Preferably, dissolution of erlotinib base in the said solvents is done at about room temperature to about 80° C., depending on the solvent. Preferably, when the solvent is butanol, the dissolution is done at about room temperature to about 80° C., more preferably, at about 80° C. Preferably, when the solvent is dry 1,3-dioxalane, the dissolution is done at a temperature of about room temperature to about 74° C.-75° C., more preferably, at about room temperature.
Erlotinib base can be prepared, for example, according to the process disclosed in U.S. Pat. No. 5,747,498, example 20.
Typically, admixing the solution of Erlotinib base and HCl is an exothermic reaction, thus the mixing can be done at low temperatures. Preferably, HCl is added to the solution of erlotinib base in a dry 1,3-dioxalane, or mixture of butanol and a small amount of water. Preferably, the addition is done at a temperature of about 0° C. to about 70° C.
Preferably, HCl is provided in a form of a concentrated solution. Preferably, the solvent of the HCl solution is diethylether, butanol or mixtures thereof. Preferably, the concentration of the solution is about 5 to about 19% by weight/volume, more preferably, about 19% by weight/volume. Typically, such HCl solution is prepared by bubbling HCl gas into diethylether, butanol or mixtures thereof. Determination of the concentration of the HCl solution is done by titrations with a base, as known to one skilled in the art.
Typically, the addition of HCl to the solution provides a suspension comprising of a precipitate of the crystalline Erlotinib HCl of the present invention.
The suspension can be further maintained. Preferably, the suspension is maintained for about 15 minutes to about 1 hour. Preferably, the suspension is maintained at a temperature of about 0° C. to about 30° C.
The suspension can be further cooled and maintained. Preferably, the suspension is further cooled to a temperature of about −5° to about +5° C., more preferably to about 0° C. Preferably, the cooled suspension is further maintained for about 24 hours.

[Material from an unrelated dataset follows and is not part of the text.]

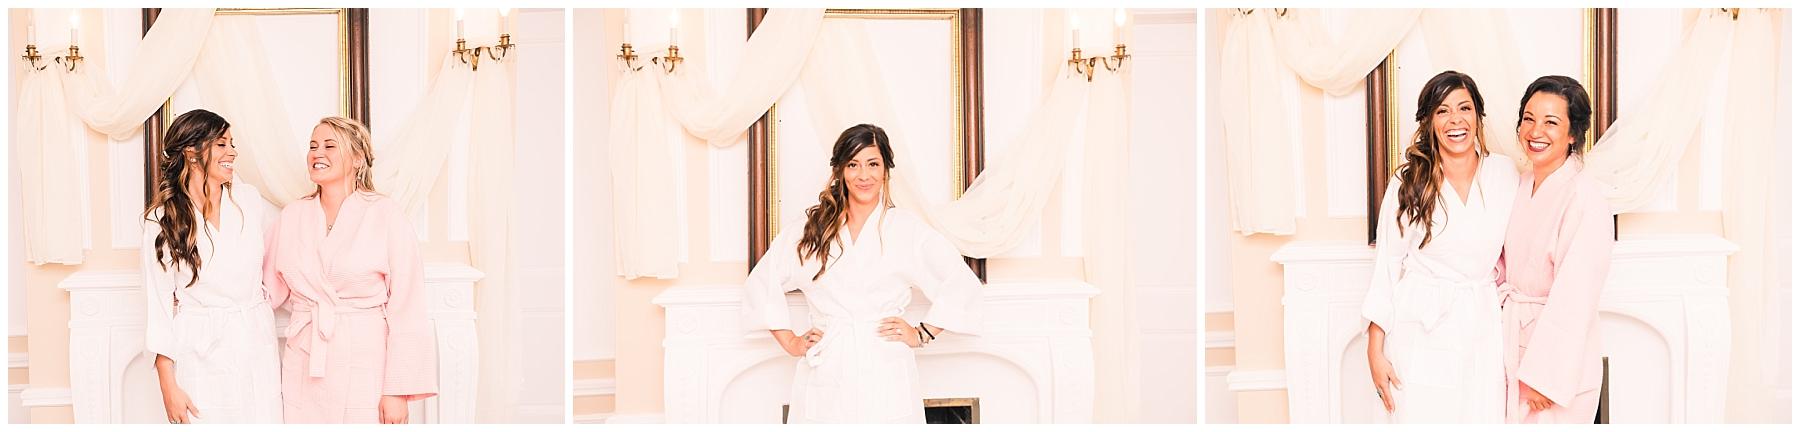 lafayette indiana wedding photography destination wedding fowler house mansion_0015.jpg

The recovery of the crystalline Erlotinib HCl of the present invention from the suspension can be done for example by filtering and drying.

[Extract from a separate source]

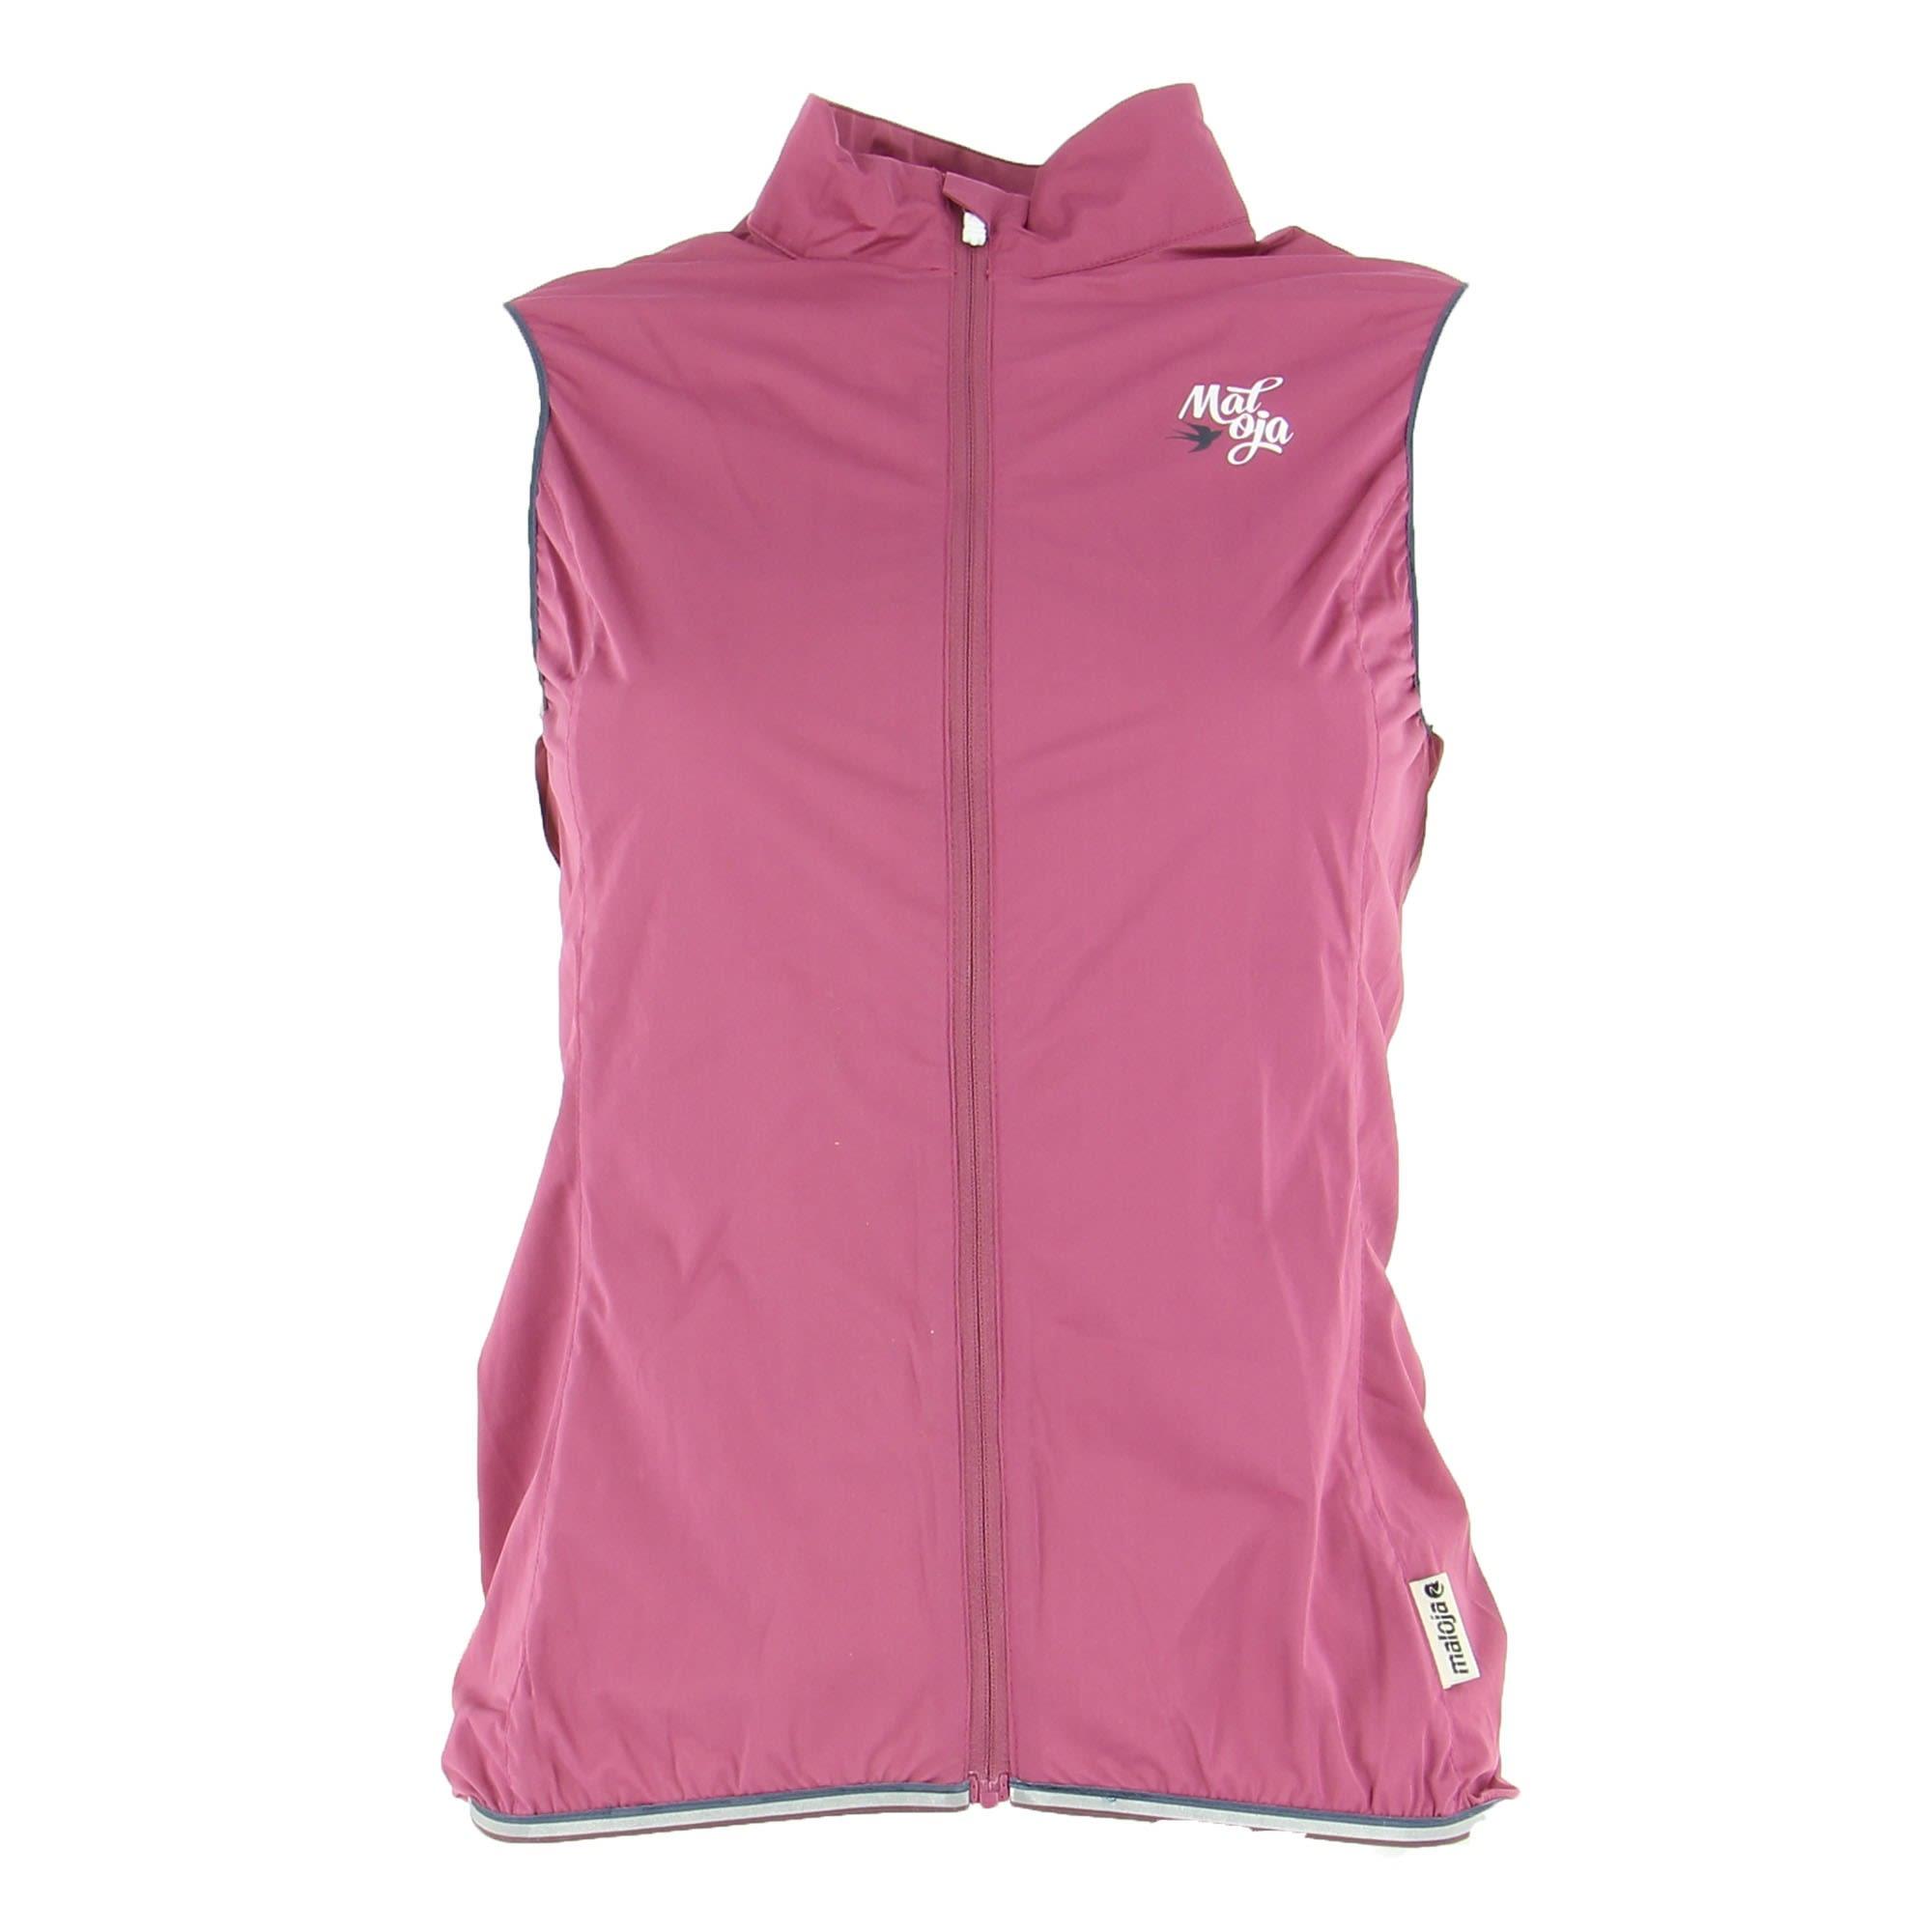 Maloja Poppym. Vest Pink, Female Winddichte Weste, S

Preferably, drying is done at a temperature of about 40° C. to about 60° C., preferably, for a period of about 1 hour to about overnight.
The present invention encompasses crystalline form F of Erlotinib HCl, characterized by data selected from the group consisting of: a powder XRD pattern having peaks at about 9.7, 11.2, and 21.1±0.2 degrees two-theta, and at least any 3 peaks selected from the list consisting of 5.6, 16.9, 24.0, 25.3 and 26.0±0.2 degrees 2-theta; a PXRD pattern depicted in
The crystalline Form F Erlotinib HCl of the present invention can be further characterized by data selected from the group consisting of: a DSC thermogram having peaks at about 203° C. and 233° C.; a DSC thermogram depicted in
The above second crystalline form can be prepared by a process comprising:
a) dissolving Erl-base in dioxolane,
b) maintaining the solution for more than an hour prior to the addition of HCl, and
c) adding HCl to obtain a suspension comprising the said crystalline form
Preferably, dioxalan contains about 0.031% by weight of water.
Preferably, prior to maintaining the solution it is heated. Preferably, the solution is heated to about 20° C. to about 70° C., more preferably, about 30° C. to about 60° C.
Preferably, the solution in step b is maintained upon stirring. Preferably, the solution is maintained for more than 1 hour.
Preferably, the concentration of the HCl added is about 44.1% w/v. Preferably, the molar ratio between Erlotinib and HCl is about 1:1.
Preferably, HCl is added while stirring. Preferably, the stirring speed is about 700 rpm to about 1100 rpm.
Preferably, after HCl addition the suspension is maintained for a period of about 5 minutes to about 10 minutes. Preferably the suspension is maintained at temperature of about 20° C. to about 70° C., more preferably, at about 30° C. to about 60° C.
The process for preparing the second crystalline form may further comprise cooling the suspension prior to recovering the said crystalline form. Typically, during the cooling granulation occurs. Preferably, cooling is done to a temperature of about 0° C. Preferably, granulating is preformed for about 30 minutes to about 60 minutes.
The process for preparing the second crystalline form may further comprise recovery of the said crystalling form from the suspension. Preferably, the said recovery comprises:
a) separation of said precipitated solid, and
b) drying the said separated solid
Preferably, the solid is separated by filtration.
Preferably, the drying is done by a stream of N2 gas. Preferably, said drying is done at a temperature of about 60° C., preferably for a period of about 1 hour to about 20 hours.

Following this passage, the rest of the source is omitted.